Work to complete -> Repeat the whole listing exactly as written.

Recorded information ->
──────────
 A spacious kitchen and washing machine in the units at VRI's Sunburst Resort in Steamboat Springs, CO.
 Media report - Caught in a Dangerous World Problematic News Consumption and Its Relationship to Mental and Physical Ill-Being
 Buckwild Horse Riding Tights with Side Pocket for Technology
──────────
Finished task ->
 A spacious kitchen and washing machine in the units at VRI's Sunburst Resort in Steamboat Springs, CO.
 Media report - Caught in a Dangerous World Problematic News Consumption and Its Relationship to Mental and Physical Ill-Being
 Buckwild Horse Riding Tights with Side Pocket for Technology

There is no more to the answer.